New funding balance for PGP programmes reduces Govt share of co-investments

The Crown’s investment share in new Primary Growth Partnership programmes will shift from 50 per cent to 40 per cent from 1 December, but  overall annual funding remaining the same.

Announcing the change, Primary Industries Minister Nathan Guy said the PGP – about five years after being set up – was being aligned to other Government Funds such as the Callaghan Fund.

The Government also believes the commercial benefits of the PGP are higher than the public benefits, “which makes it only fair we tweak the formula”.

Current PGP programmes are not affected by the change. The 40 per cent Crown investment ratio will apply to funding approved for new PGP programmes or for funding extensions of existing programmes approved by the Ministry for Primary Industries (MPI) from 1 December.

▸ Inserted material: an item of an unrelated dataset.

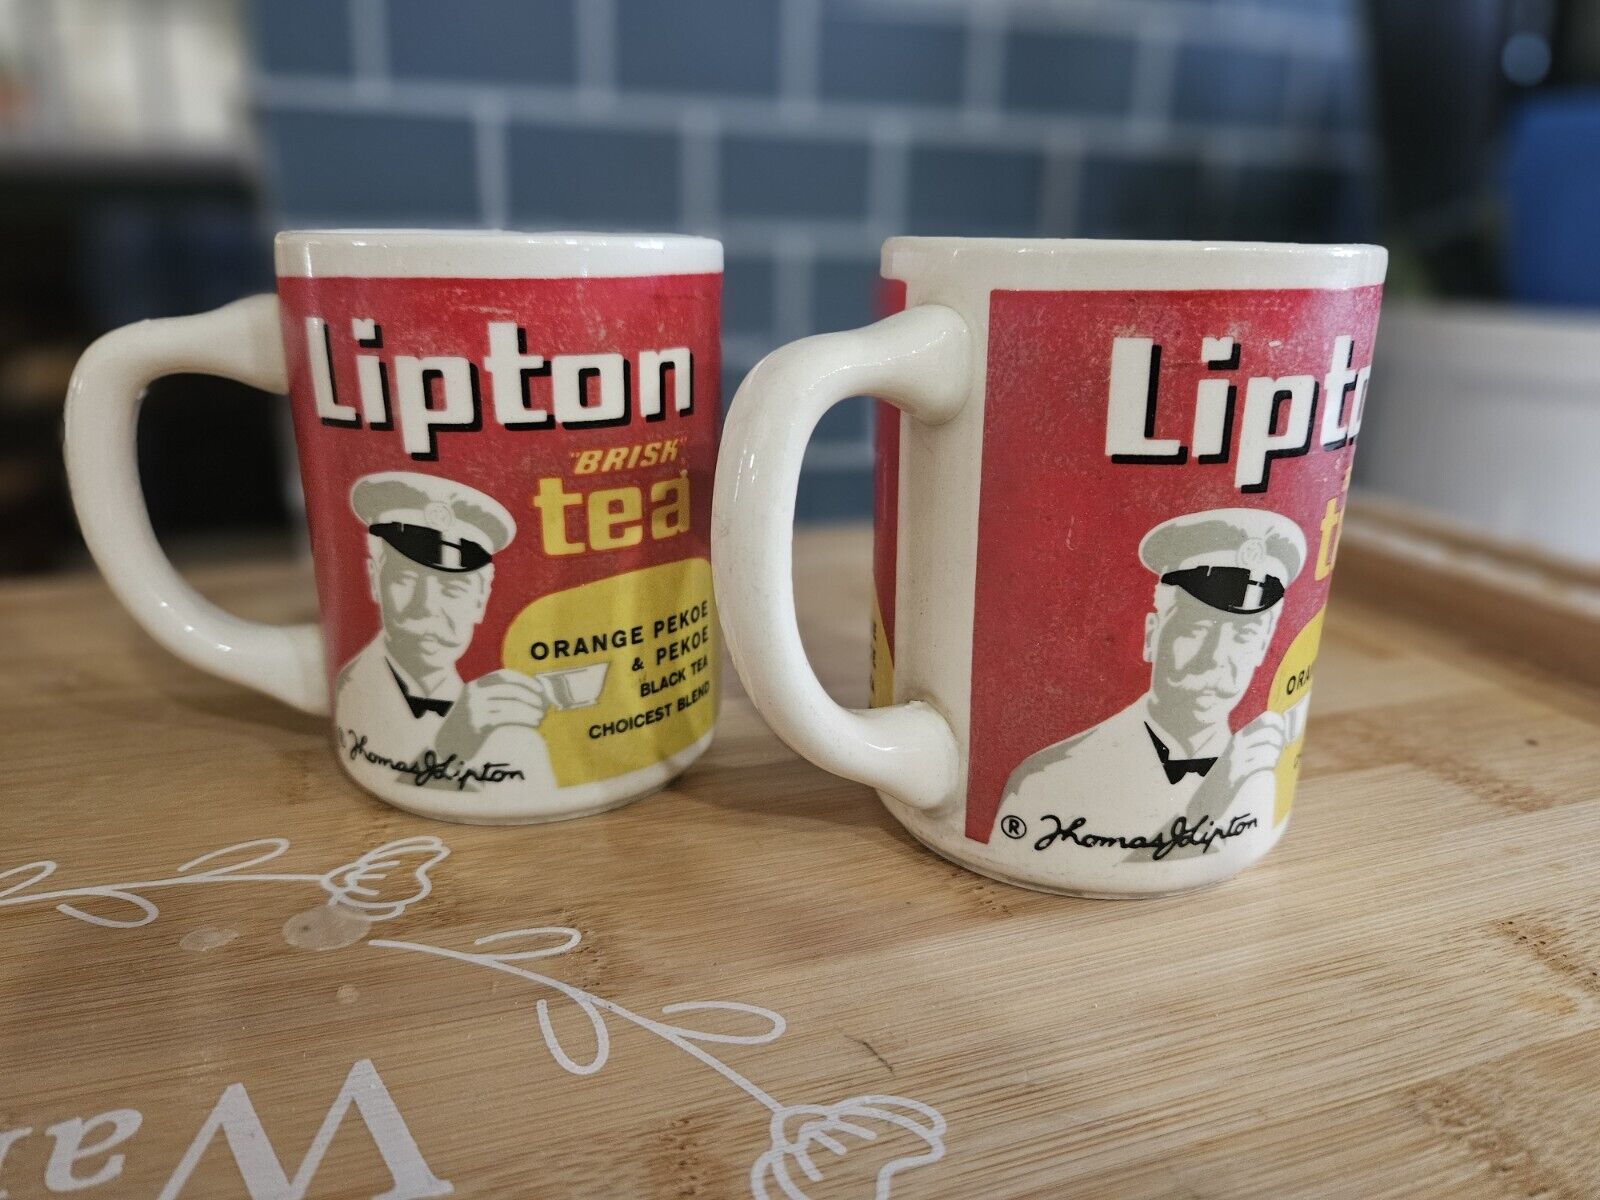 Pair Vtg Thomas Lipton Tea Brisk Orange Pekoe Black Choicest Red Mug Cup Ceramic

The change will not affect the minimum total amount that industry must co-invest in PGP programmes, which will remain at $500,000 over the lifetime of the programme (or $71,500 a year for a seven year programme).

The PGP has 18 programmes under way and a total of $724 million co-invested.

A 2014 report by NZIER estimated that PGP programmes will add at least $6.4 billion per annum to New Zealand’s economy by 2025.

Improvements are also being made to simplify the application process to encourage smaller sectors to apply, including:

• introducing simpler reporting requirements;

• providing assistance to applicants for business case development; and

• exploring opportunities to assist smaller sub-sectors to access the PGP.

The PGP aims to boost the value, productivity and profitability of our primary sector through investment between government and industry.

PGP programmes are generally long-run programmes of five to seven years’ duration and are subject to oversight and monitoring by an independent panel (the Investment Advisory Panel) and MPI.

Monitoring requirements include programme steering groups, quarterly progress reporting, annual plans, financial audits, and progress reviews, along with evaluation of the overall programme. Government funding is only released to programmes on receipt of invoices for work completed in accordance with programme plans.